午後5時となり、ハリファックスは自分の提案のどこをどう読んでも最終的な降伏にはならないと言った。チャーチルは、交渉によってイギリスにまともな条件が与えられる可能性は1000分の1だと返した。

歴史を動かした「首相就任演説」

にっちもさっちもいかなくなった。大部分の歴史家によれば、このときチャーチルが見事な手腕を見せた。会議を中断し、午後7時に再開すると告げたのである。そして、すべての省庁を代表する内閣閣僚全25人を初めて招集した。その大部分が首相としてのチャーチルが発する言葉を初めて聞くことになる。

チャーチルはハリファックスを説得することができなかった。
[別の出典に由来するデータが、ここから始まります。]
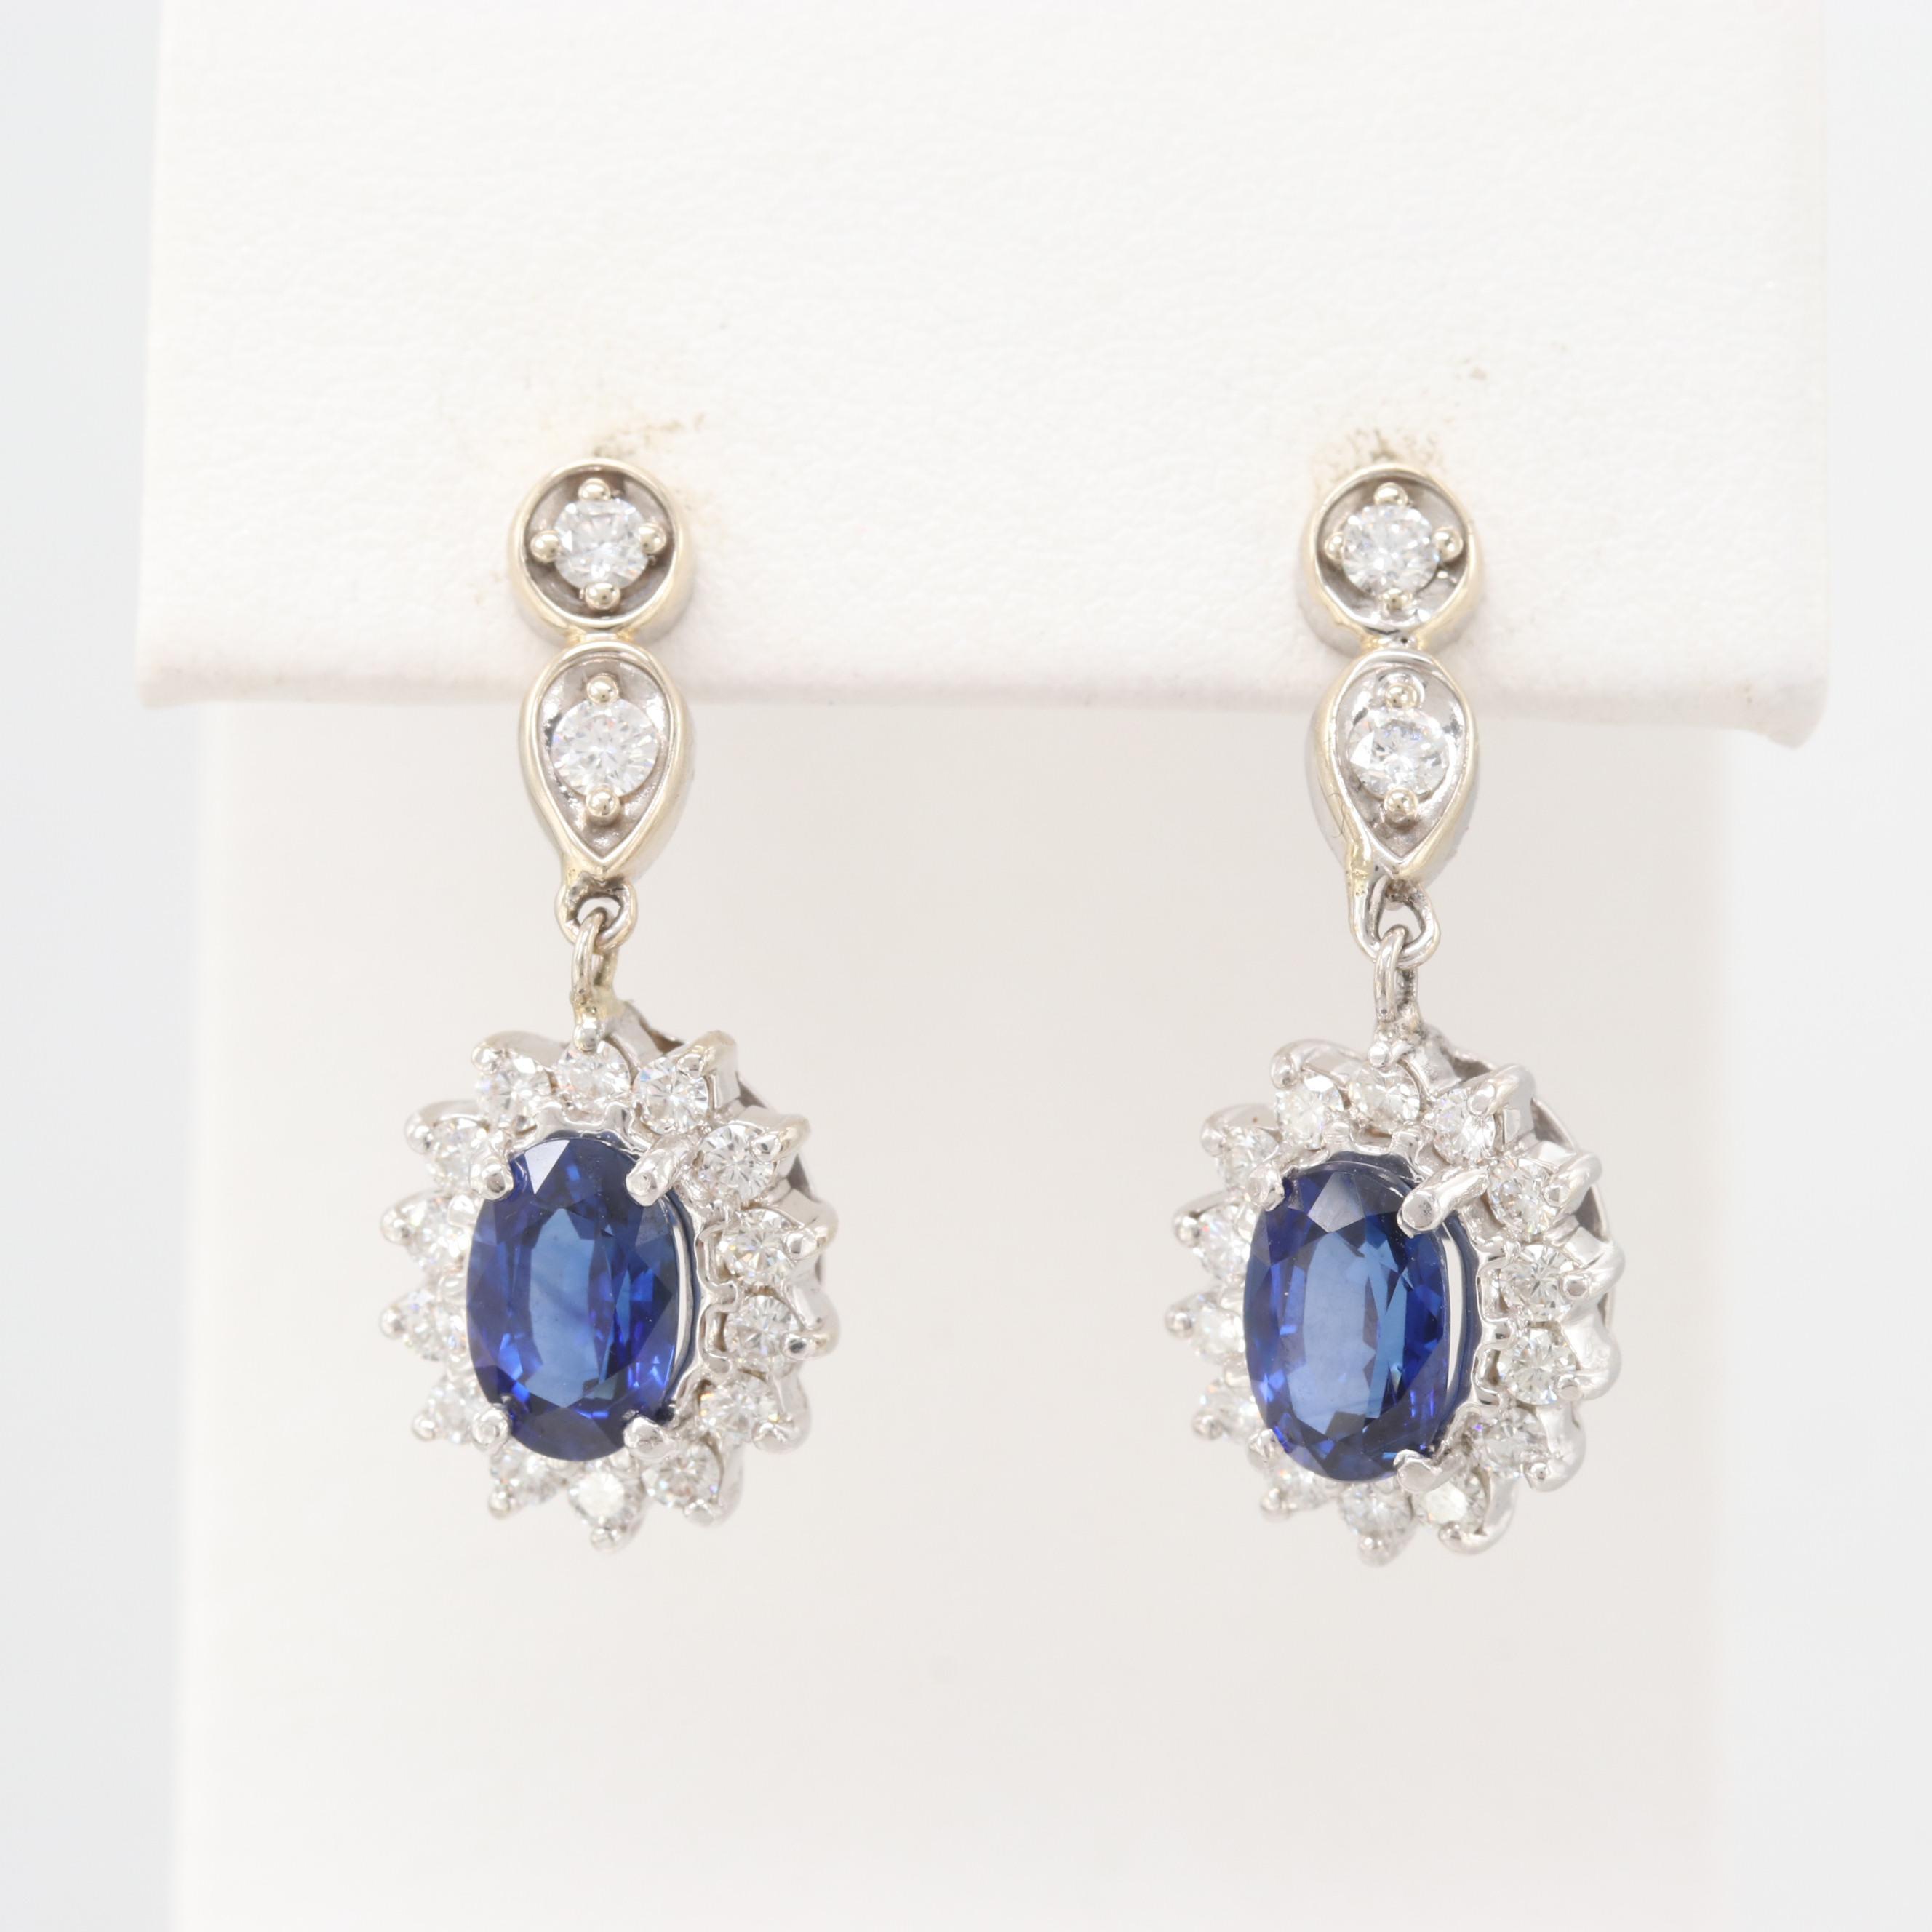 14K White Gold Blue Sapphire and Diamond Dangle Earrings

また、単純にハリファックスを粉砕する、あるいは無視することもできなかった。前日、外相ハリファックスは、チャーチルが「恐ろしいたわごと」を言っていると責め立てたばかりだった。もしハリファックスが辞任すれば、チャーチルの地位が弱体化する。戦争指導者としてのチャーチルの最初の取り組みは、勝利の栄冠を戴くには程遠かった。チャーチルが圧倒的な指導権を握ったノルウェーでの反撃作戦は大きな失敗だったのである。

理性に訴えるやり方は実を結ばなかった。しかし聴衆が多いほど、雰囲気は熱狂的になる。チャーチルはここで感情に訴えた。全体閣議の開始前に、チャーチルはじつに驚くべき演説をした。小規模の会議では余儀なくされた知的な抑制のかけらも見られなかった。まさに「恐ろしいたわごと」が吐かれたのである。

当時の様子を最もよく伝えているのは戦時経済相のヒュー・ダルトンによる日記だが、内容はまず信頼できるだろう。チャーチルは穏やかに演説を始めた。

私は自分が「あの男」(ヒトラー)と交渉に入ることが自分の責務かどうかについて、ここ数日間、熟考してきた。
しかし、いま平和を目指せば、戦い抜いた場合よりもよい条件をひきだすことができるという考えには根拠がないと思う。ドイツ人はイギリスの艦隊を要求するだろう、武装解除という名目で。海軍基地なども要求してくるだろう。
イギリスは奴隷国家になるだろう。モーズリーや同様の人物の下で、ヒトラーの傀儡となるイギリス政府が立ち上げられるだろう。そうなったら、われわれはどうなるか? しかし、われわれには巨大な備蓄や強みがある。